→ **Your goal**: Copy the listing verbatim, excluding any images found in it.

→ **Supplied data**:
————

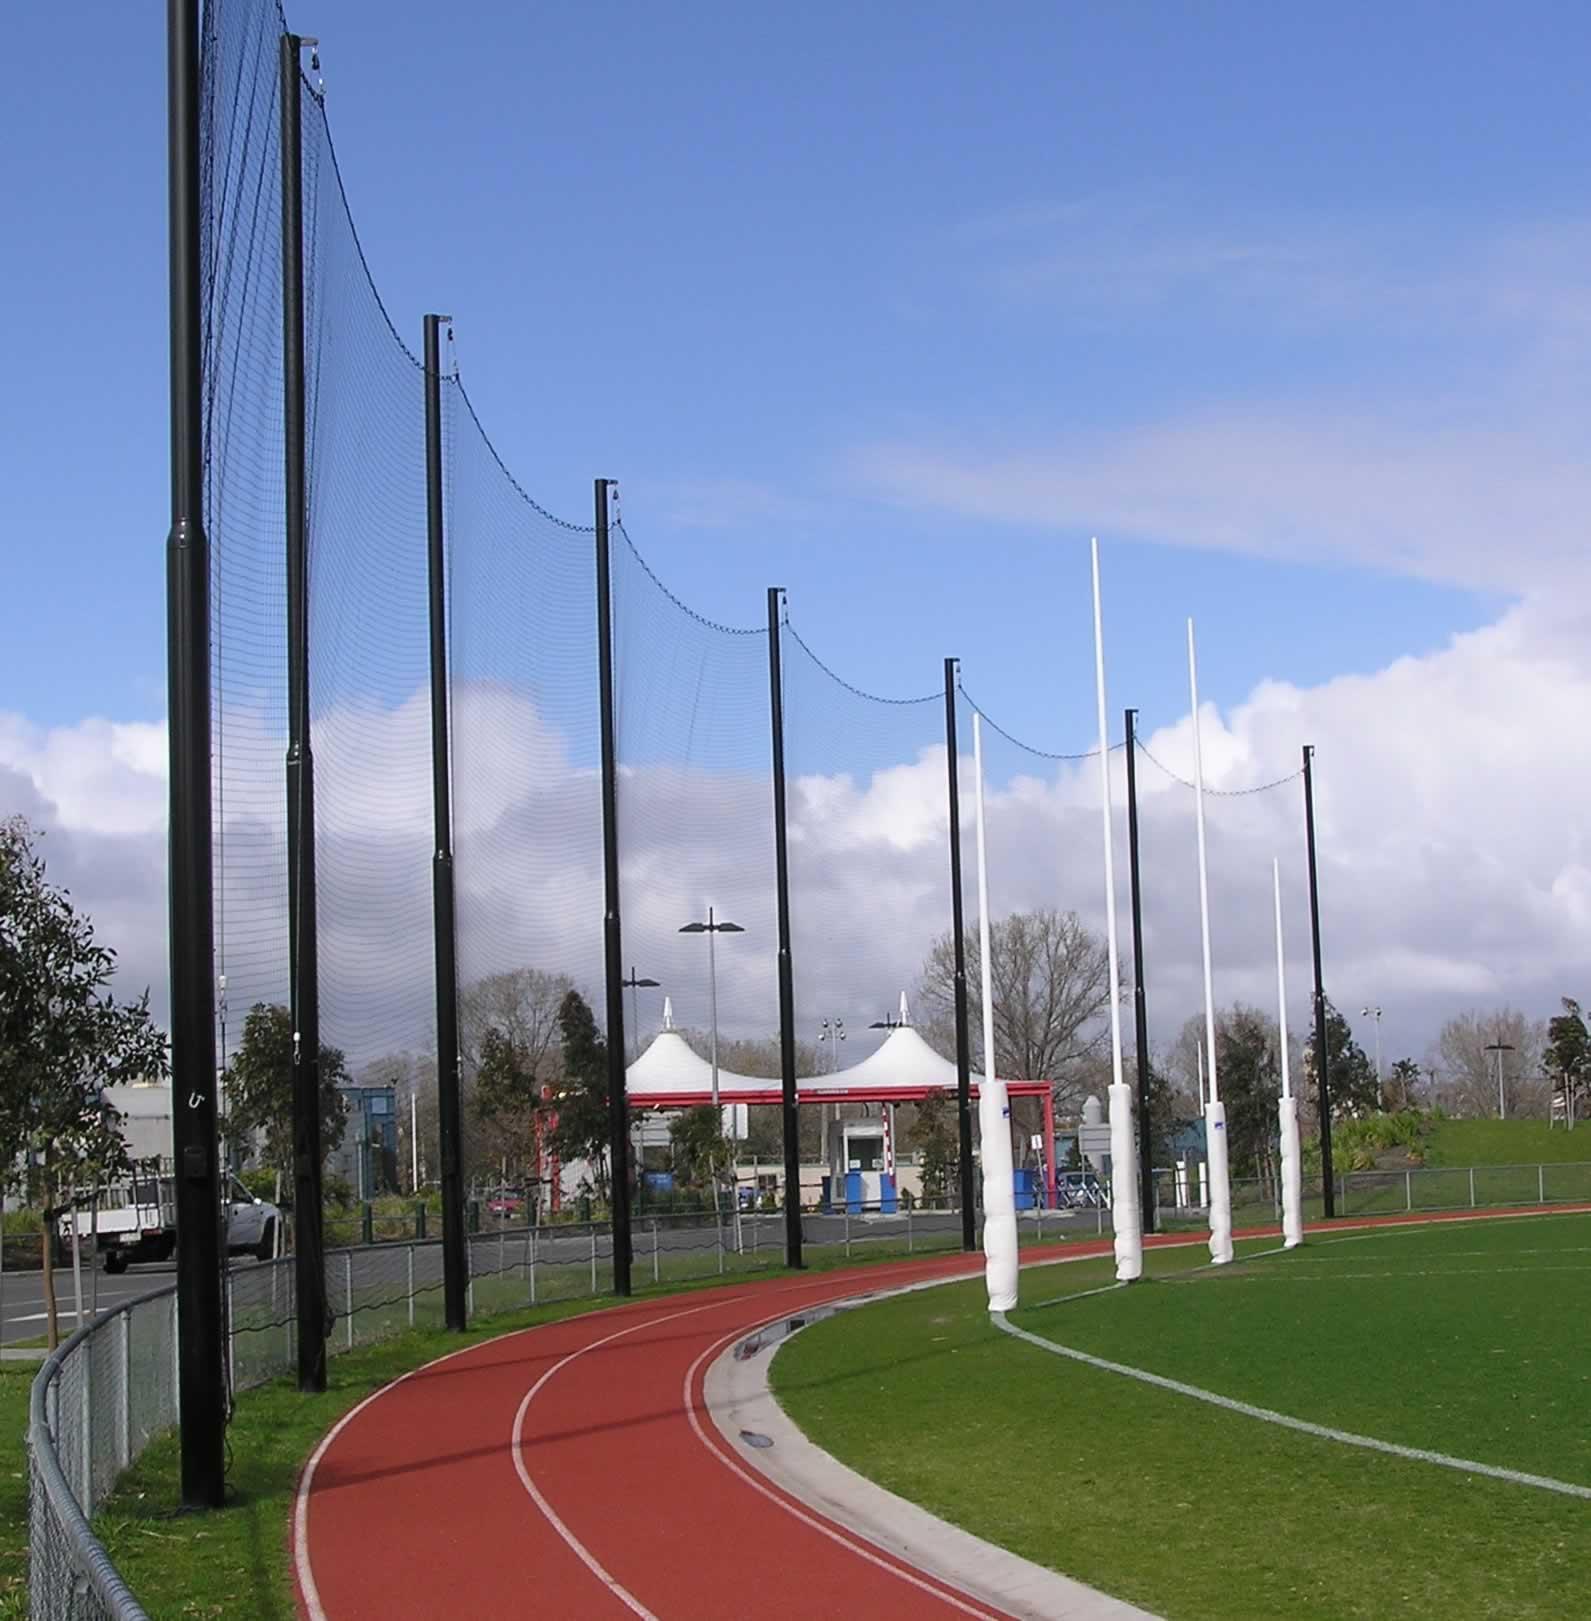 Behind Goal Netting
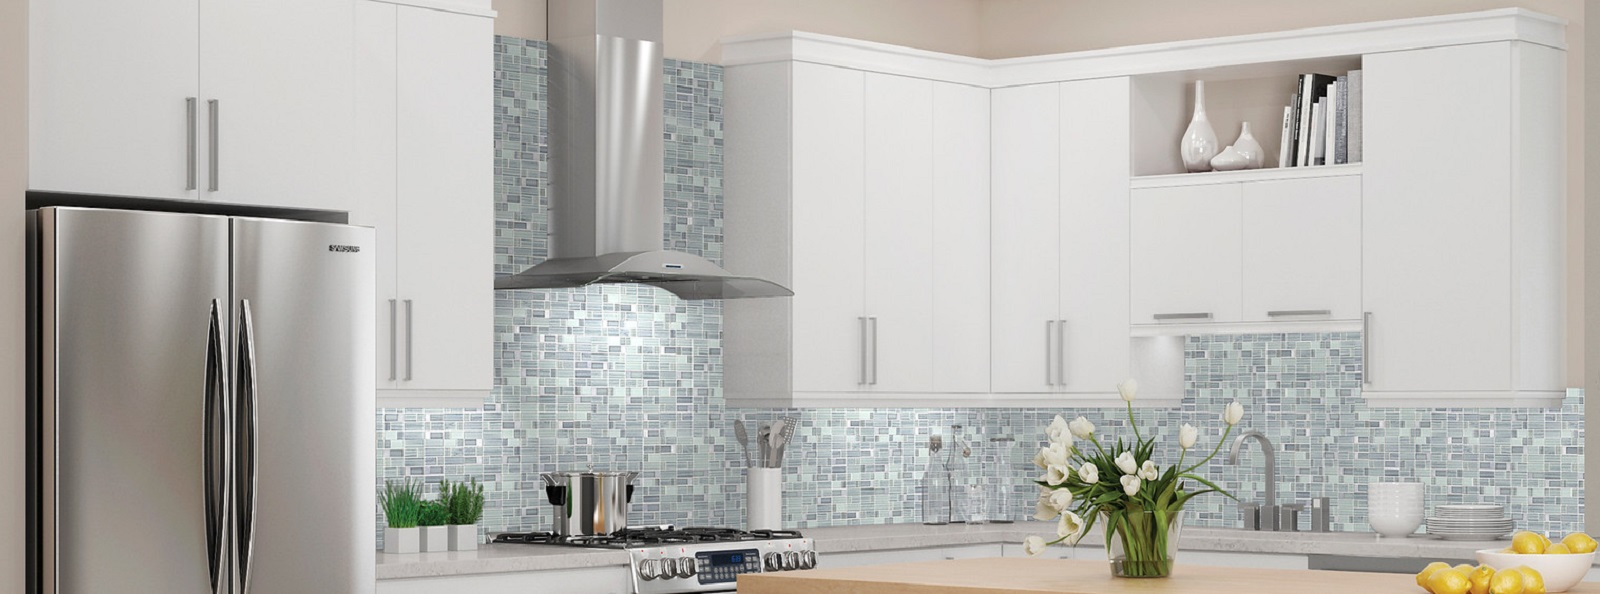 use mosaic tile beyond the kitchen
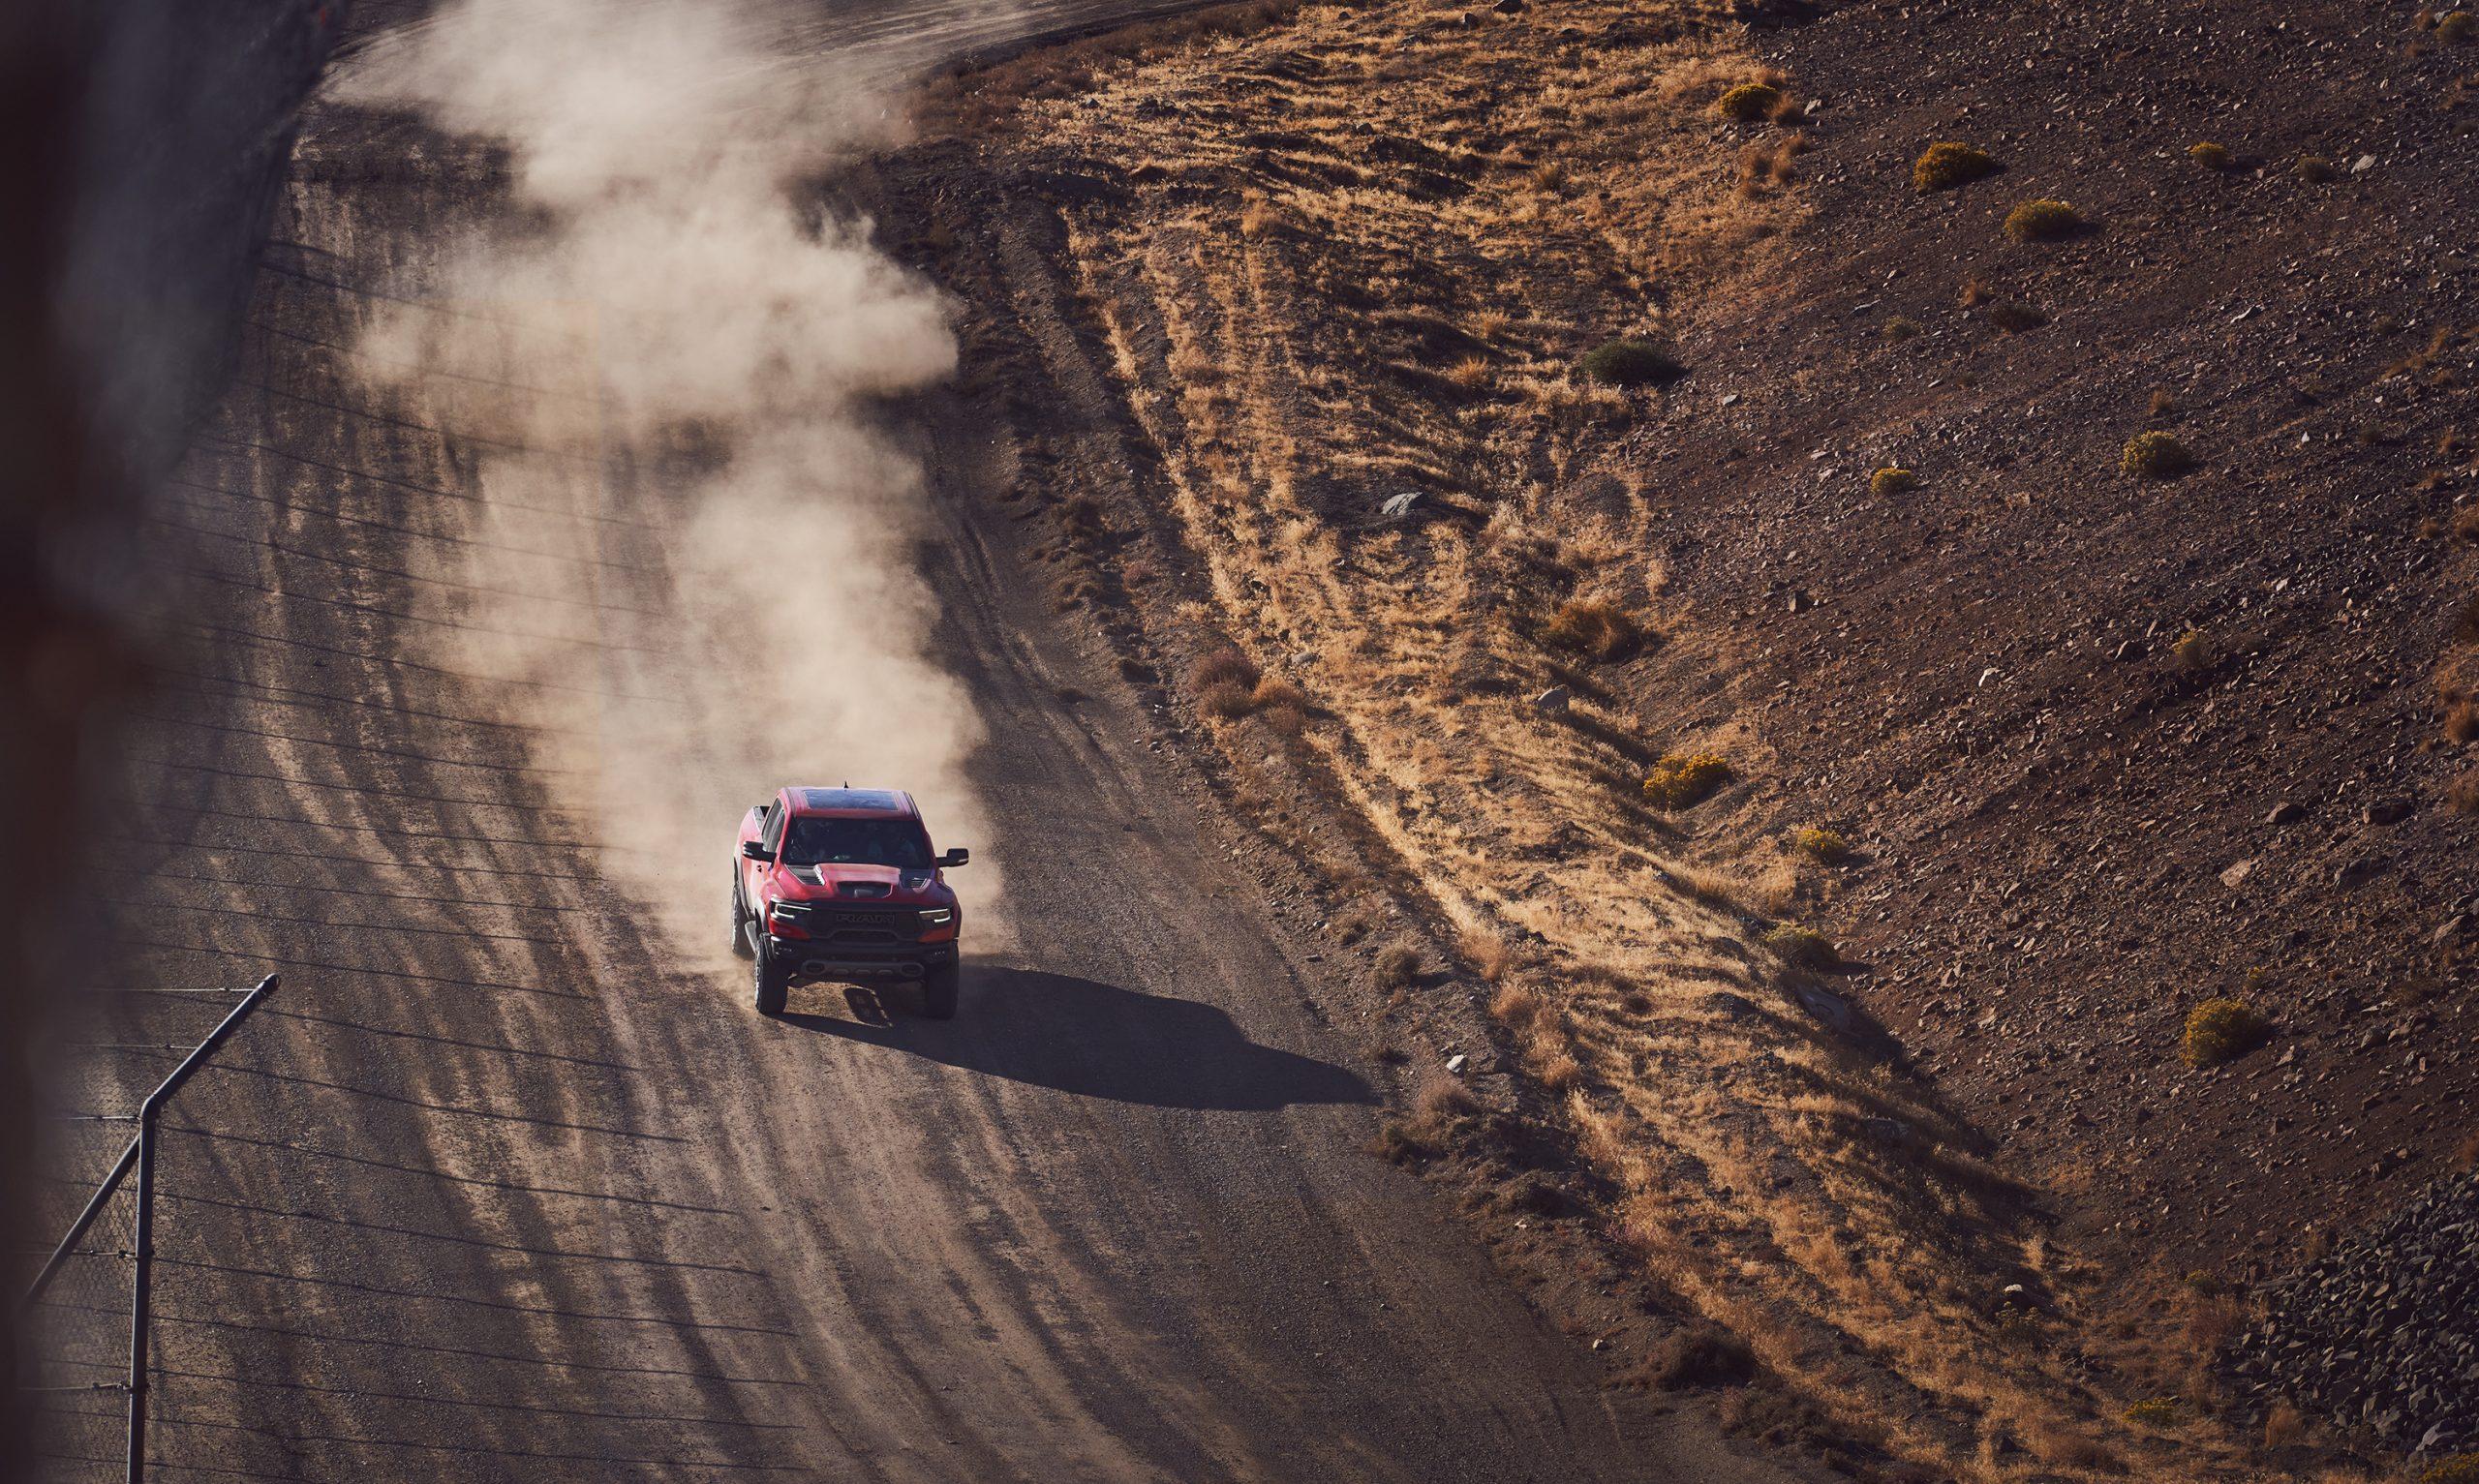 2021 Ram 1500 TRX dirt track dynamic action overhead

————

→ **Result**:
 Behind Goal Netting
 use mosaic tile beyond the kitchen
 2021 Ram 1500 TRX dirt track dynamic action overhead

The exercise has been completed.